CROSS-REFERENCE TO RELATED APPLICATIONS

The present application claims priority from Japanese Patent Application No. 2009-110516 filed on Apr. 30, 2009, the entire content of which is incorporated herein by reference.

FIELD OF INVENTION

An apparatus consistent with the present invention relates to a vehicle lamp having a light emitting diode (LED) light source and a reflector which reflects a part of light from the LED light source so as to be incident on a projection lens.

DESCRIPTION OF RELATED ART

Related art vehicle lamps use semiconductor light emitting devices, such as LEDs, as light sources due to their advantageous luminous efficiency and power consumption properties. In some of the related art vehicle lamps, an LED light source is disposed such that an optical axis of the LED light source is upwardly oriented, and a reflector is disposed to cover the LED light source from above, from the side, and from behind. Further, a shade is arranged between a projection lens and the LED light source. Light from the LED light source is reflected by the reflector, and a part of the reflected light is blocked by the shade to form a cut-off line of a light distribution pattern. The other part of the reflected light is forwardly irradiated through the projection lens (see, e.g., JP 2007-323839 A).

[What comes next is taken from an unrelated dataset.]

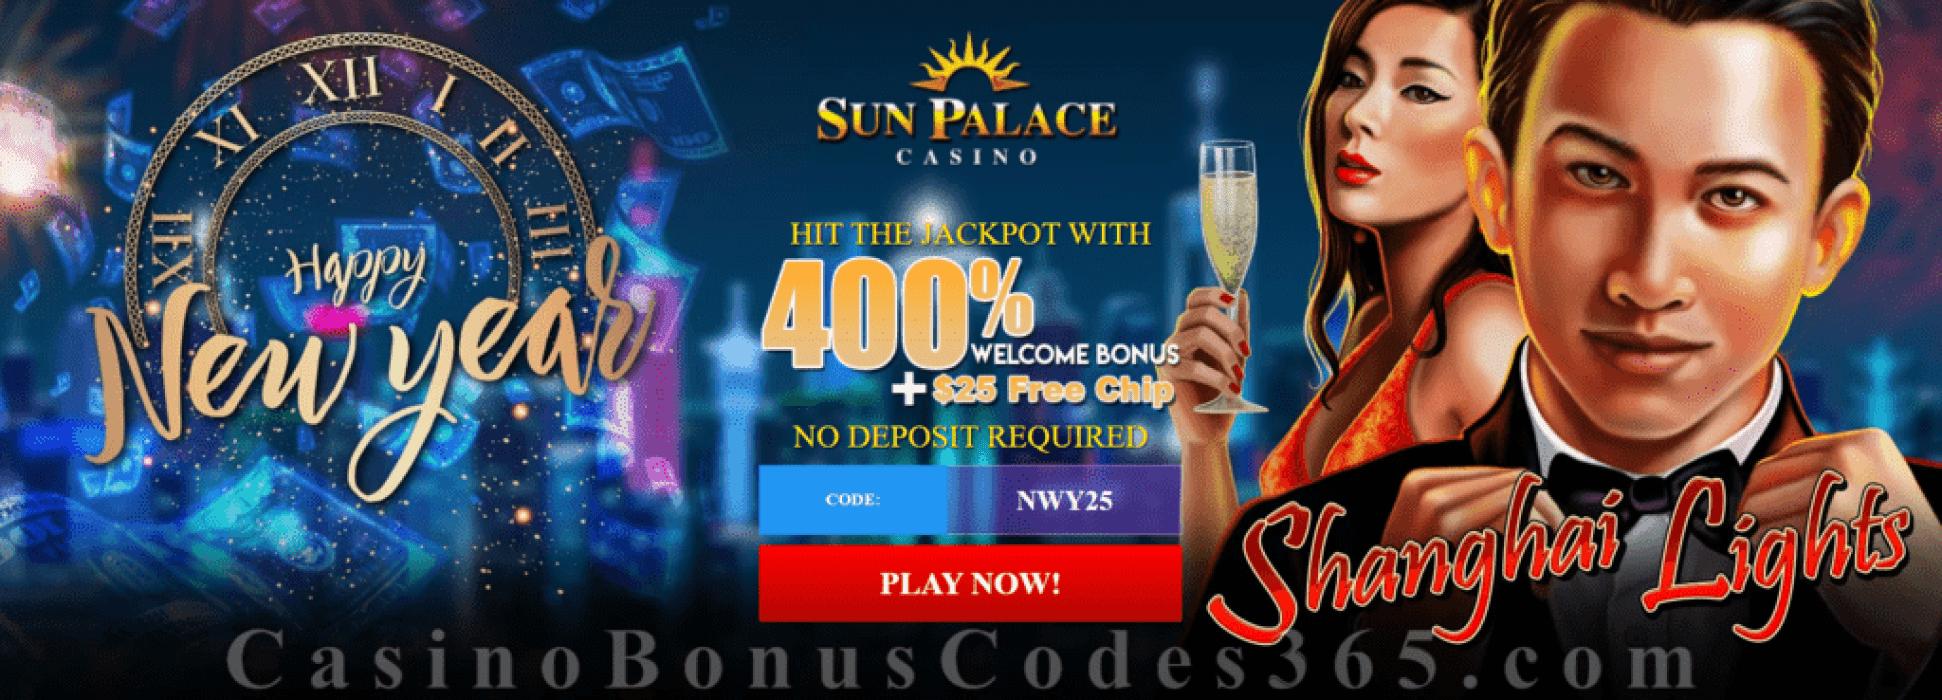 Sun Palace Casino $25 FREE Chip plus 400% Match Special New Year Bonus
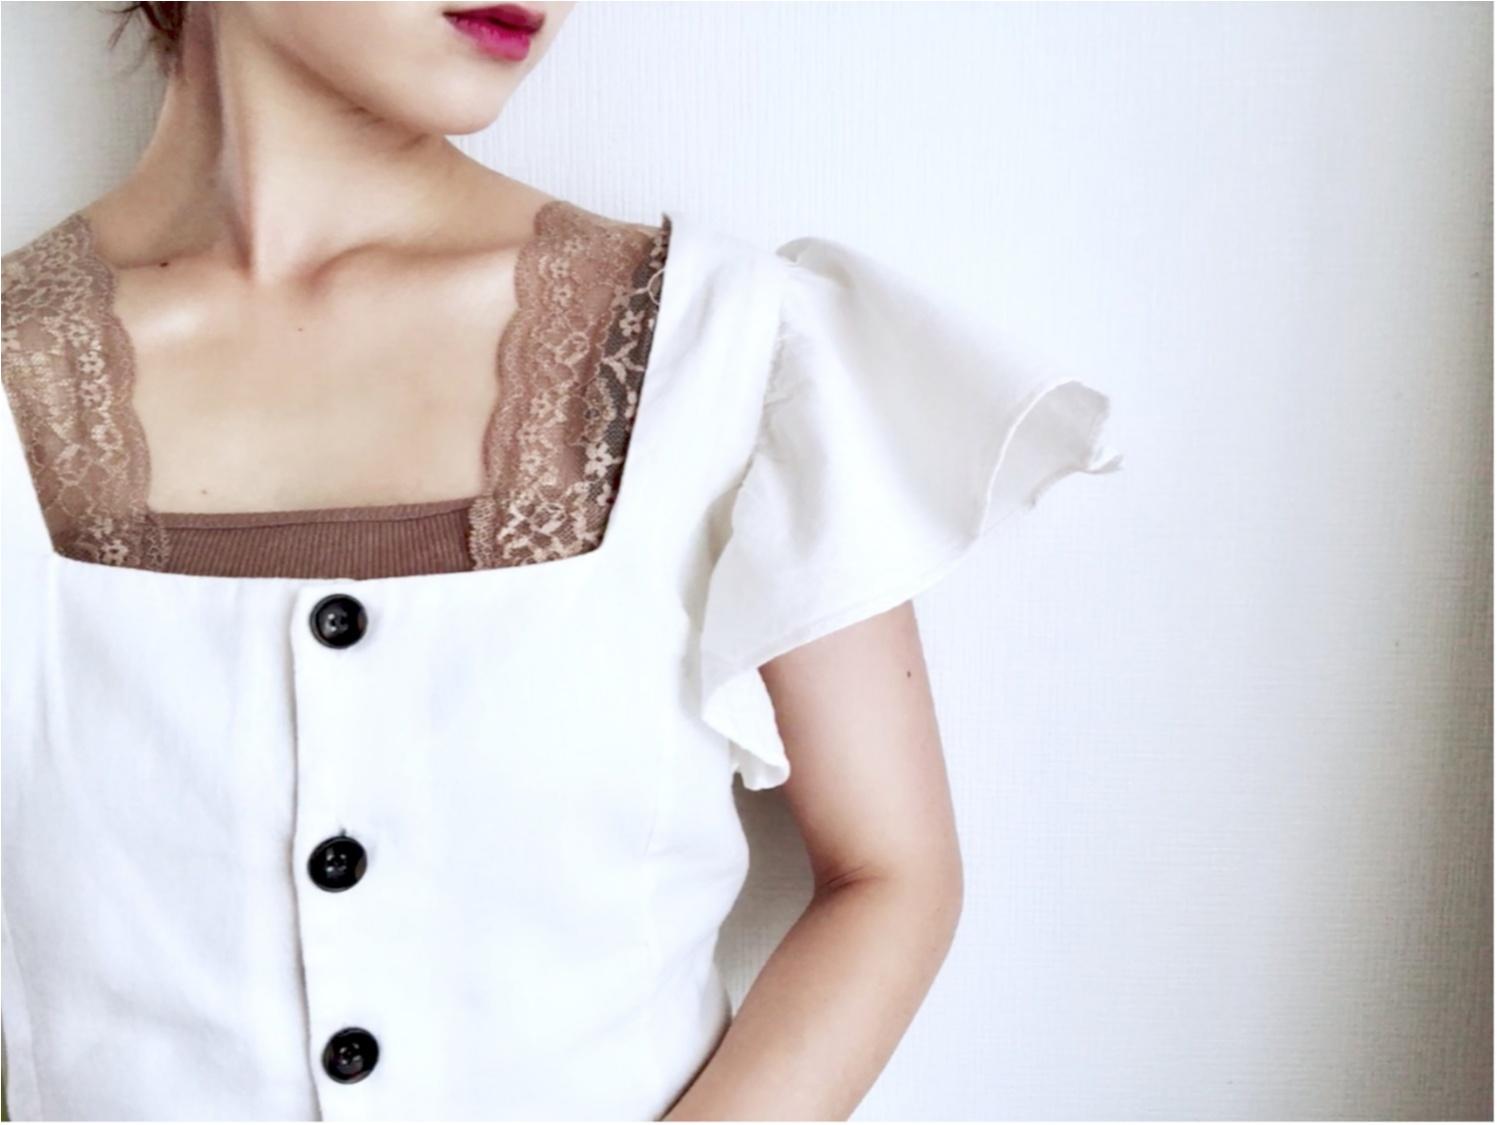 『GU』記事がファッションカテゴリTOP3を独占★ 【今週のモアハピ部人気ランキング】_3

The light distribution pattern of these lamps has a light-condensed region adjacent to the cut-off line, and a light-diffused region surrounding the light-condensed region. The light-condensed region has higher illuminance than the light-diffused region. In most cases, the light-diffused region is formed by using light that is emitted in a substantially horizontal direction from the LED light source.

However, LEDs have the characteristic that luminous intensity of light emitting therefrom decreases as it moves away from the optical axis. Therefore, in the case of the vehicles lamps described above, it is difficult to ensure the sufficient illuminance required for the light-diffused region with the light emitted in the substantially horizontal direction.

BRIEF SUMMARY

Illustrative aspects of the present invention may provide a vehicle lamp which addresses the problem described above.

According to an illustrative aspect of the present invention, a vehicle lamp includes a projection lens which is arranged such that a center axis of the projection lens extends along a front-rear direction of a vehicle on which the vehicle lamp is mounted, an LED light source which is arranged behind a rear focal point of the projection lens such that an optical axis of the LED light source is oriented upward, a reflector which is arranged to cover the LED light source from above to reflect a first part of light emitted from the LED light source and to converge the first part of the light toward the rear focal point of the projection lens, a shade which is arranged between the projection lens and the reflector in the front-rear direction of the vehicle to partially block the first part of the light reflected by the reflector so as to form a cut-off line of a light distribution pattern, and a first auxiliary reflector which is arranged above the LED light source and in front of the reflector to forwardly reflect a second part of the light emitted from the LED light source such that the second part of the light does not pass through the projection lens.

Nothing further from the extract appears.